Image acquisition and processing

Scanning method

We utilized a dual-source CT (Definition Flash, Siemens Healthcare, Forchheim/Germany) for all patient scans. Patients were instructed to fast for at least 4 h before the examination. Approximately 30 min before the scan, they were given a moderate amount of warm water to fill the stomach and duodenum. Patients were positioned supine and instructed to breathe shallowly to minimize movement artifacts, with an abdominal belt provided if needed for stabilization.

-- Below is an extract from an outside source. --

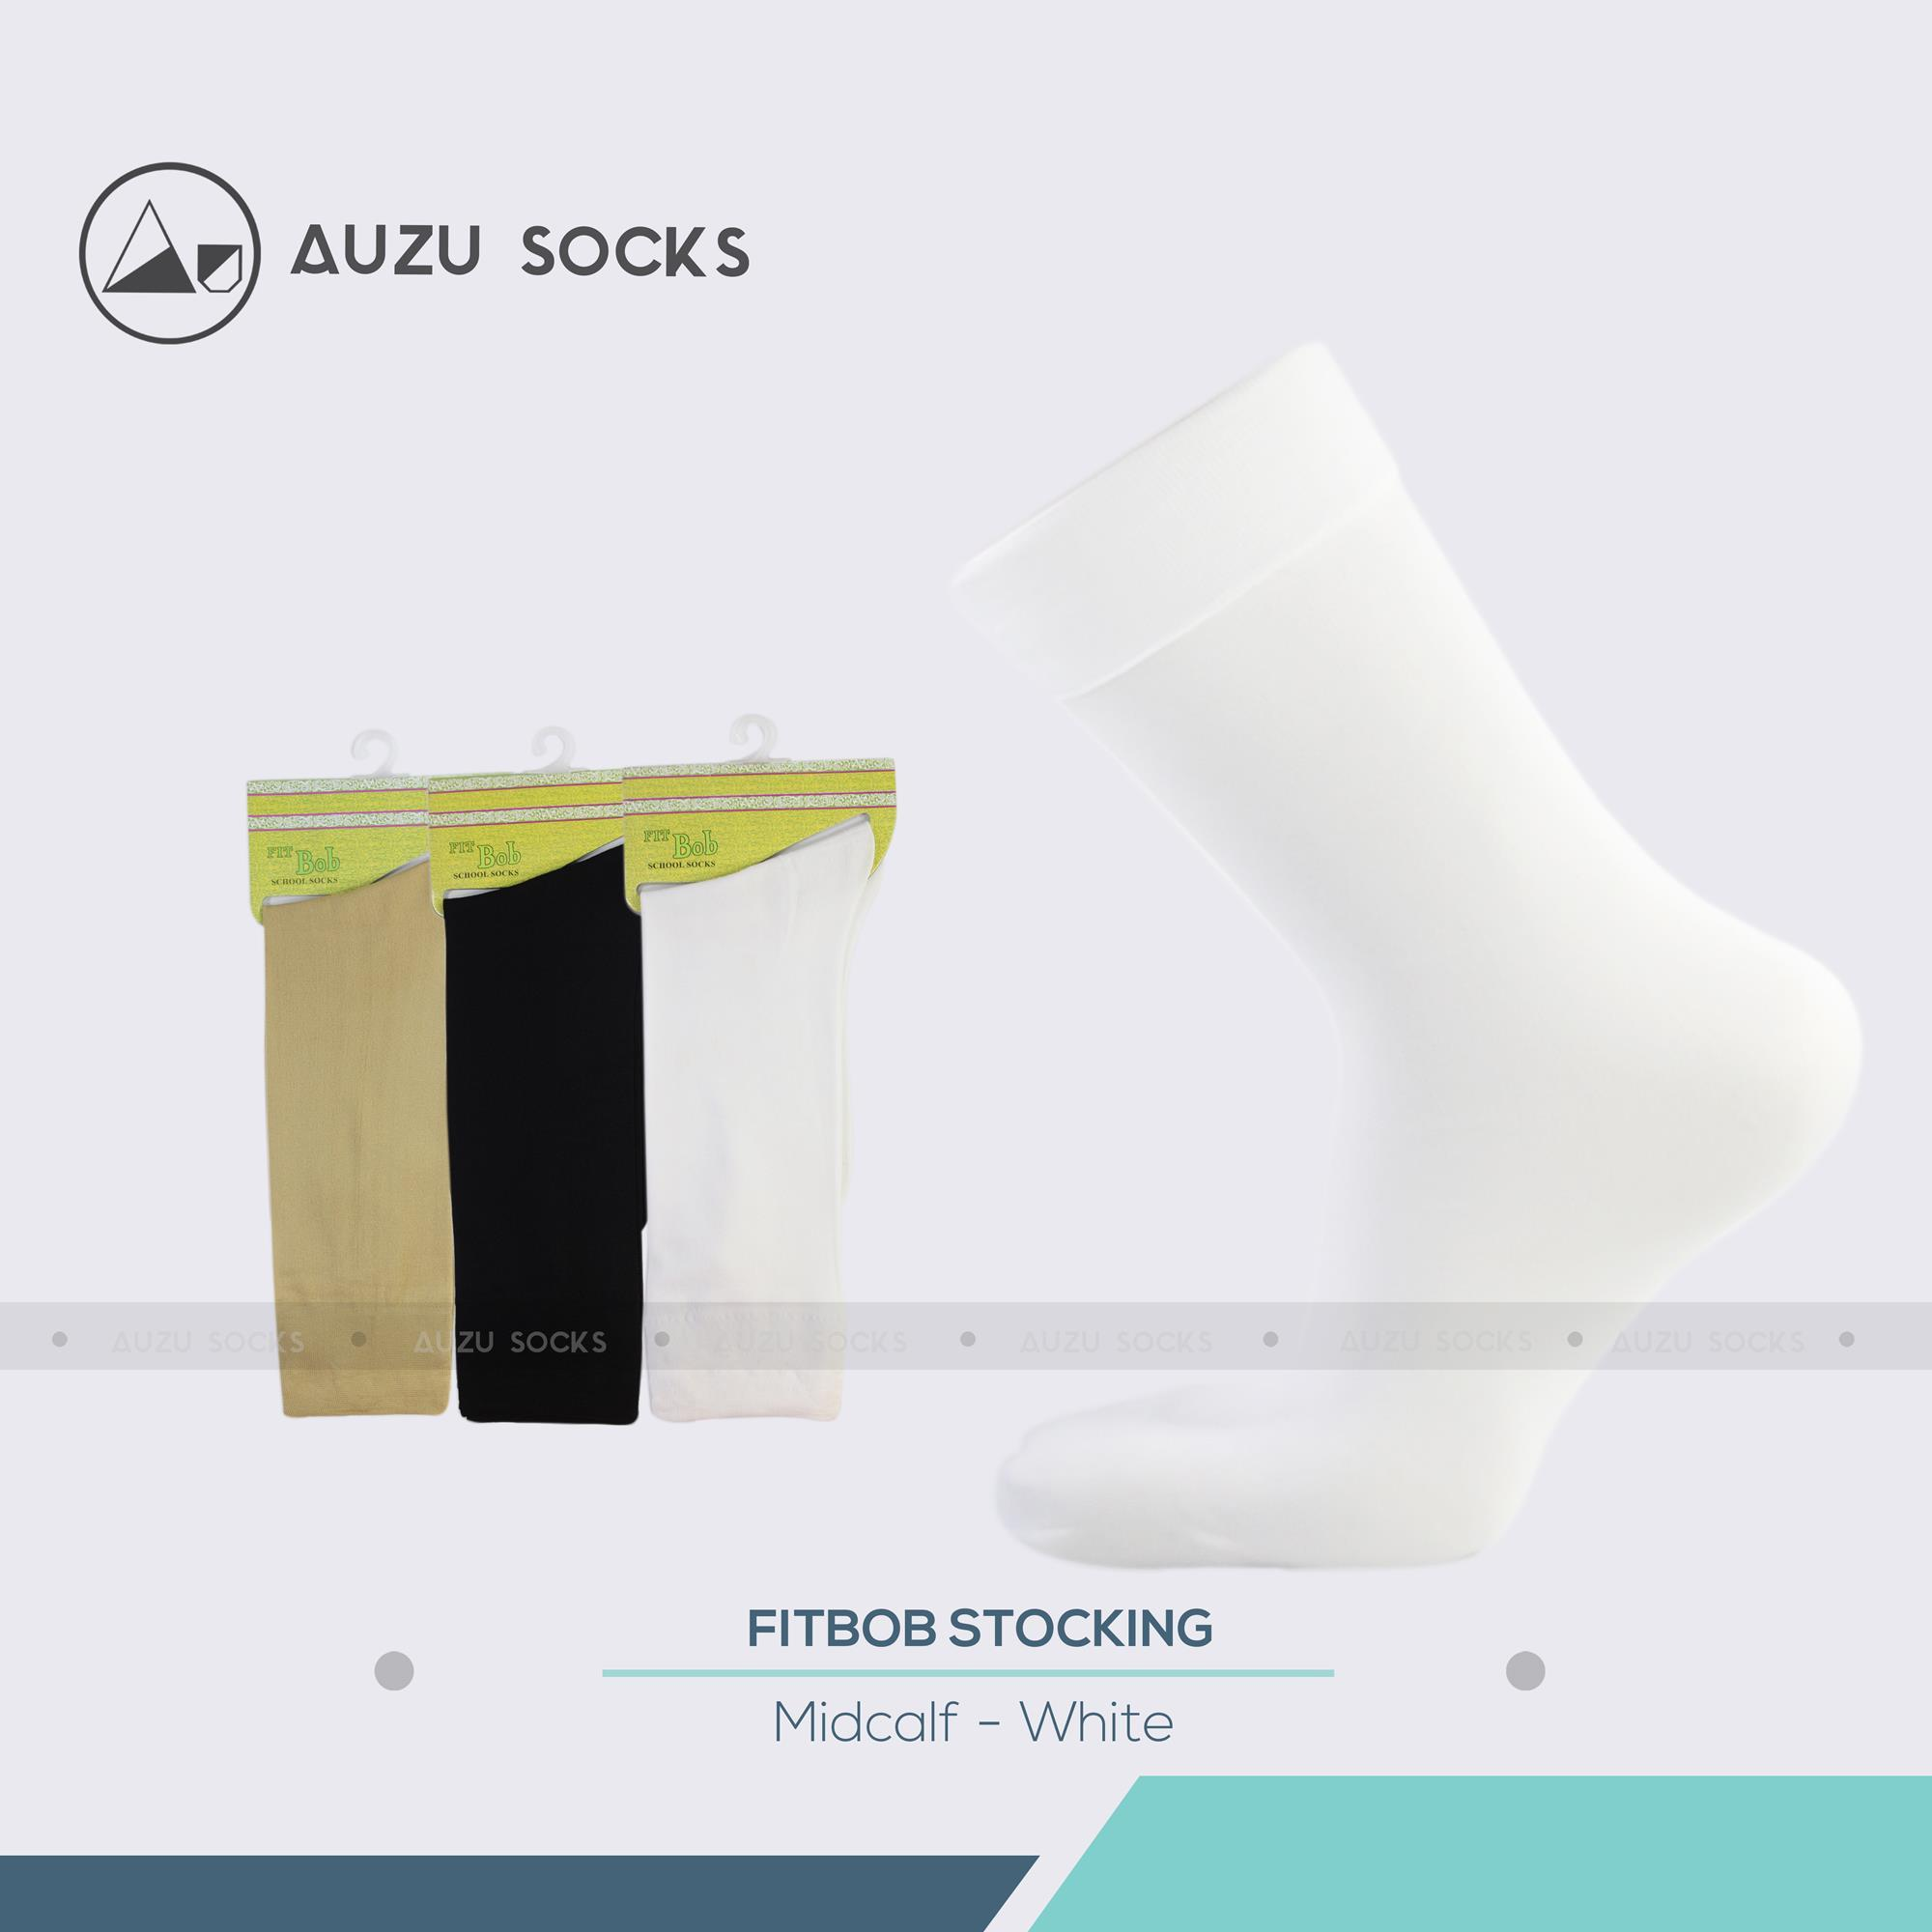 Buy Sell Cheapest Auzu Kaos Kaki Best Quality Product Deals Pramuka Sma Socks 2 Pasang Formal Wanita Kerja Stocking Sebetis

The scan protocol began with abdominal localization imaging, followed by a routine abdominal CT scan to define the range for perfusion scanning. A high-pressure syringe was used to inject 60 mL of non-ionic contrast agent (iopromide, Ultravist®, Bayer Schering Pharma) at a concentration of 370 mgI/mL through the elbow vein, followed by a 40 mL bolus injection of 0.9% sodium chloride solution at a rate of 5.0 mL/s. CT perfusion scanning was performed using the body VPCT Dynmulti 4D scanning mode (also known as the “cradle bed” mode). The scan parameters were as follows: tube voltage: 100 kV; tube current: 120 mA; matrix: 512 × 512; collimator width: 32 × 1.2 mm; rotation time: 0.28 s; convolution kernel: B20; scanning layer thickness: 1.2 mm; reconstruction layer thickness: 3 mm; delay: 6 s; total collected points: 22; interval time: 2s; total time: 45.32 s.

Image post-processing

Perfusion scan data were transferred to a Siemens Syngo Multi-Modality workstation (MMWP, Siemens Healthcare, Forchheim, Germany) for analysis. The VPCT Body (Somaris/s syngo CT 2013 A) software was used to load the perfusion images, apply motion correction, and perform 4D noise reduction. The threshold range was set between − 50 and 250 HU, with the abdominal aorta serving as the input artery. The deconvolution model was used to calculate the region of interest (ROI) and generate the perfusion pseudo-color map along with perfusion parameters of adjacent normal pancreatic tissue. These parameters included blood flow (BF), blood volume (BV), capillary surface permeability (PS), mean transit time (MTT), contrast transit time to the start (TTS), and contrast transit time to the peak (TTP).

Selection of ROI

Given the typically small size of pNETs, the largest and most solid component of the tumor was selected for measuring perfusion parameters. Adjacent normal pancreatic tissue was also analyzed for comparison. Each measurement was performed three times, and the average of the values was used to ensure accuracy. During ROI selection, care was taken to exclude areas such as the pancreatic duct, blood vessels, tumor margin, and any necrotic or calcified regions within the tumor capsule.

Image analysis

Two experienced radiologists, blinded to the pathological results, independently analyzed the CT perfusion images of all 20 patients. In cases of disagreement, a consensus was reached through consultation between the two radiologists.

Statistical analysis

The measurement data were presented as mean ± SD, and a paired t-test in SPSS 17.0 software was utilized to compare the perfusion parameters of pNET lesions and the surrounding normal pancreatic tissue. Statistical significance was set at p < 0.05. The diagnostic performance was assessed by area under the curve (AUC) based on ROC curves for perfusion parameters generated using SPSS 17.0. The cutoff values were determined using Youden index with sensitivity and specificity.

Results

General clinicopathological data

This study included 20 patients diagnosed with pNETs, with a total of 26 lesions identified. Among them, six males had eight lesions, and 14 females had 18 lesions. The patients’ ages ranged from 24 to 79 years, with an average age of 49.1 ± 14.5 years. Of the 26 lesions, 23 were confirmed through surgical pathology. Additionally, five patients were also diagnosed with type I multiple endocrine neoplasia (MEN1): one patient had three small insulinomas, one pituitary microadenoma, and a left adrenal adenoma; another patient had one small insulinoma and a left adrenal adenoma; two patients had two gastrinomas each, and one patient had two non-functional pNETs.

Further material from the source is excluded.